That’s nice! All the computers are Dell precision towers with varying hardware config :slight_smile: My university has a frame contract for hardware with Dell, that’s why.

Regarding your questions and answers (total noob warning): Bright and Qlustar seem to somehow underly the OS. I didnt really figure out how the software stack looks like. Is it Cluster Manager > OS > workload manager? I expected more of an answer like “just install slurm/sge/etc. and youre good to go”. Whats the relation of a workload manager and a cluster manager? Pointing me to the answer is enough of an answer :wink: And do the two really work along windows with dual boot config?

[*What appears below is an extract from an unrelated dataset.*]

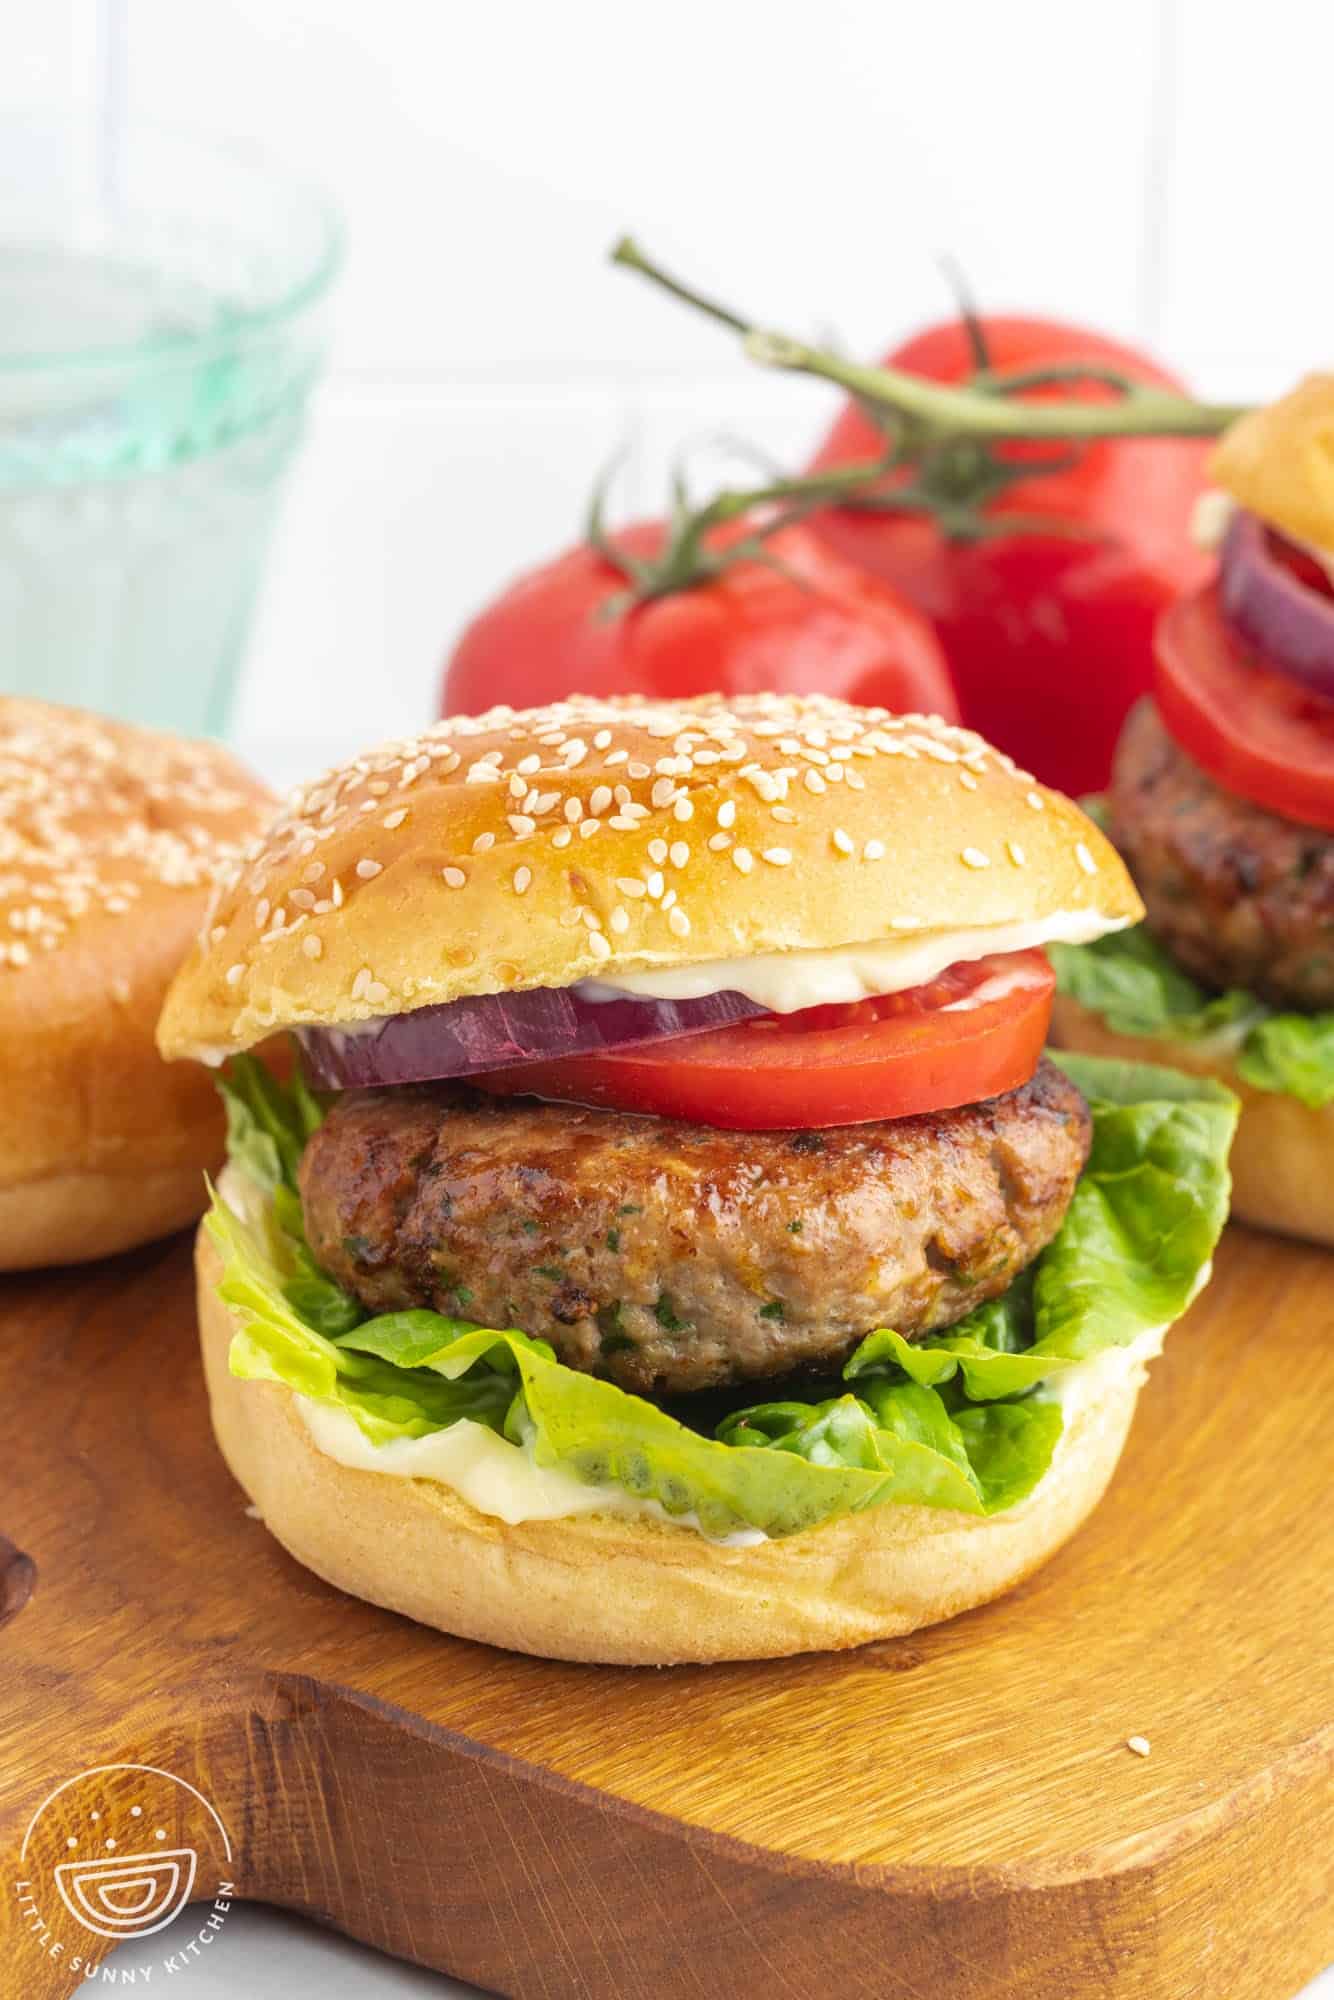 Turkey burger in a soft brioche bun, with lettuce, a slice of tomato, and red onion. Placed on a wooden cutting board with a bunch of tomatoes and brioche buns in the background.
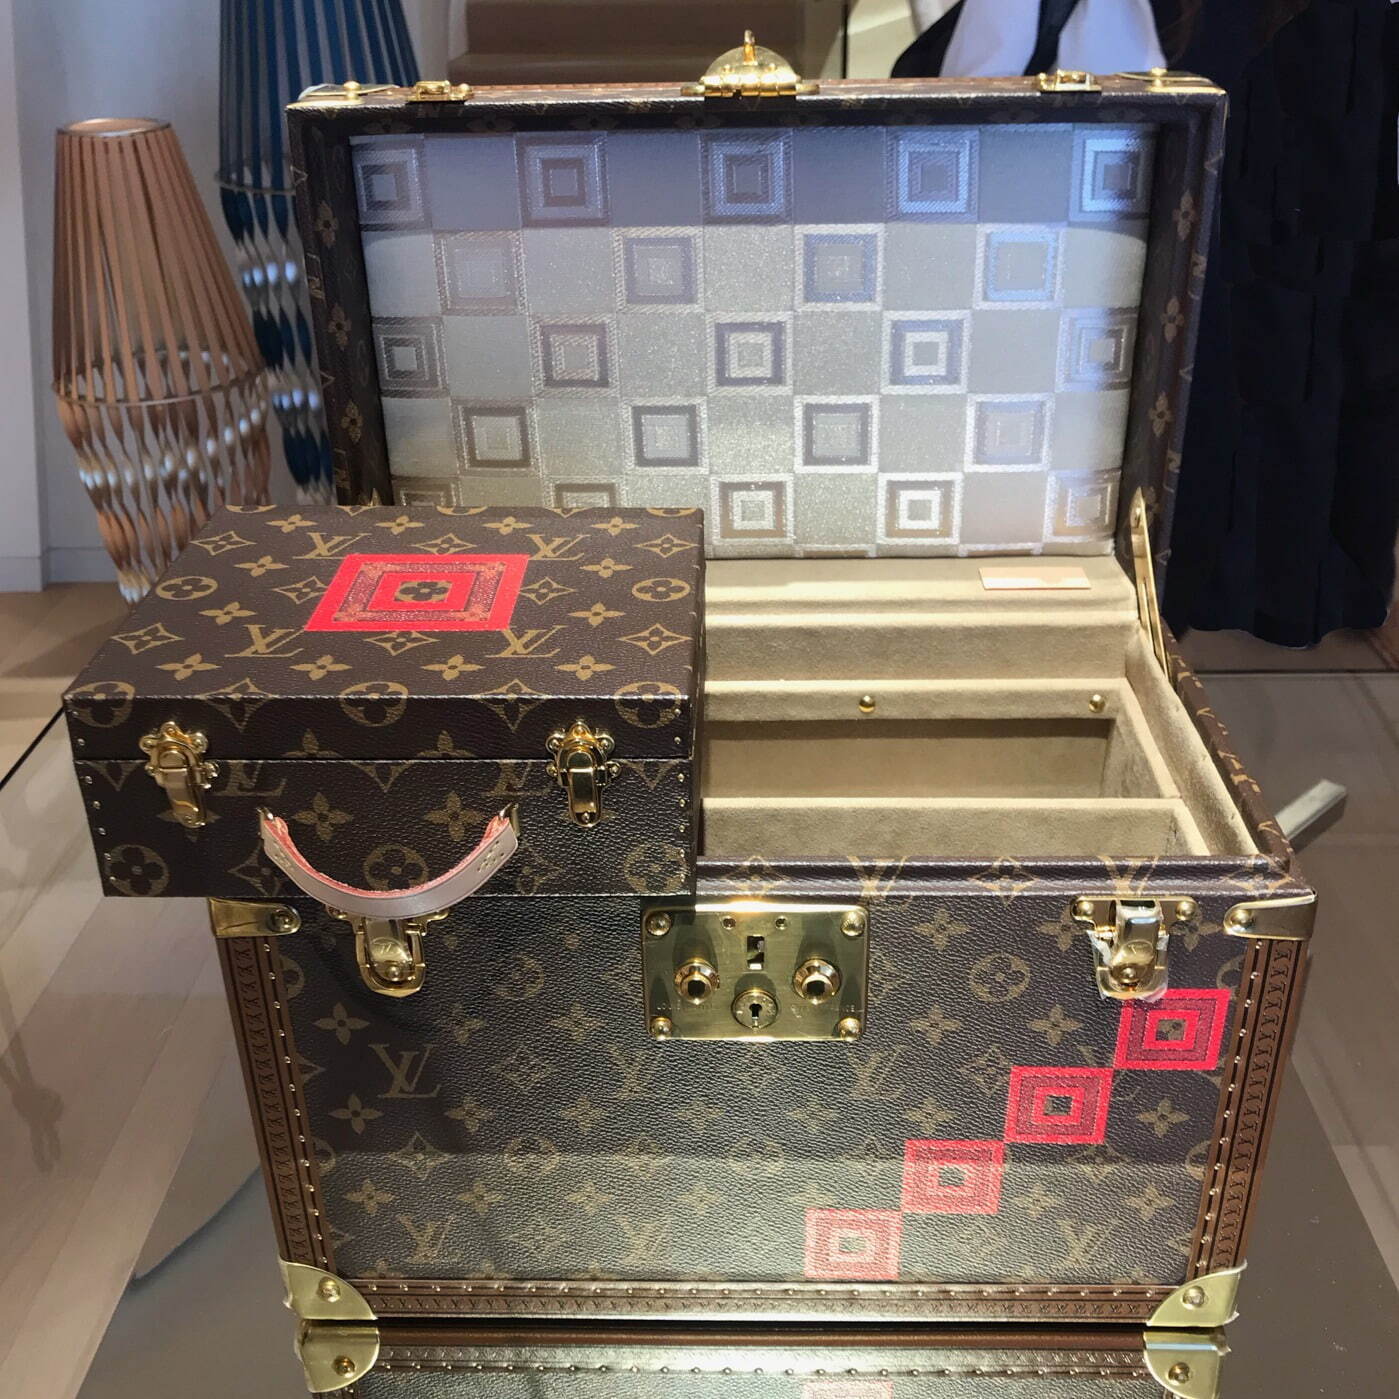 Louis Vuitton Ginza Namiki-dori store is renovated in Ginza district, Chuo  Ward, Tokyo on March 16, 2021. The store, which opened as the first  directly managed store in Japan in 1981, will

We use ubuntu as OS for two reasons: 1) most people (including me) are familiar with deb based distros and 2) it is installable. Debian isn’t (keyboard freeze during install), Manjaro/Arch isn’t (fails to recognize partitions after install), no matter what I do - but I haven’t tried RedHat/Fedora etc. However for cluster purposes there is PXE available. These computers are divas :smiley:

Regarding ethernet: Thanks for the hint! I would have to talk to the university IT administration to get the switches upgraded in case I dont go for the daisy chain. Currently there are just 1Gb/s intel cards, but you’re right: at least used cards are rather cheap nowadays.

Head node: The computer I have in mind as head node is a Dell precision 7920 tower with 12 core xeon and 96GB RAM, but no hardware raid as far as I know. I think one could cram in some more hard drives and go for software raid, but there are also 1TB SSDs available which may be used for prefetching during idle times or so. The storage server is just a synology with 32 disks or so; I don’t know its capabilities. Also, what is best: taking the fastest computer as head node or keeping it among the workers?

Thanks again!

Your requirements for interactive use during the day were normally met by installing a Condor pool.
In answer to your question - yes just install the Slurm queue system and you are good to go.
Remember though you need consistent UIDs across all the nodes and the head node, and Slurm uses something called munge. But all easily set up.

The requirement for a dual boot Windows/Linux system is a bit more tricky. I know this is possible with Bright but I have never done it.
What you CAN do with Bright and OpenHPC is a stateless installation - which means the compute node boots via PXE and runs off a RAMdisk or NGS mounted root drive.
This may be a good option for you

This article describes dual booting with Bright. The suggestion is a second hard drive. With a bit of work you could shrink the Windows partition I think and use the free part. Or stateless boot as I say.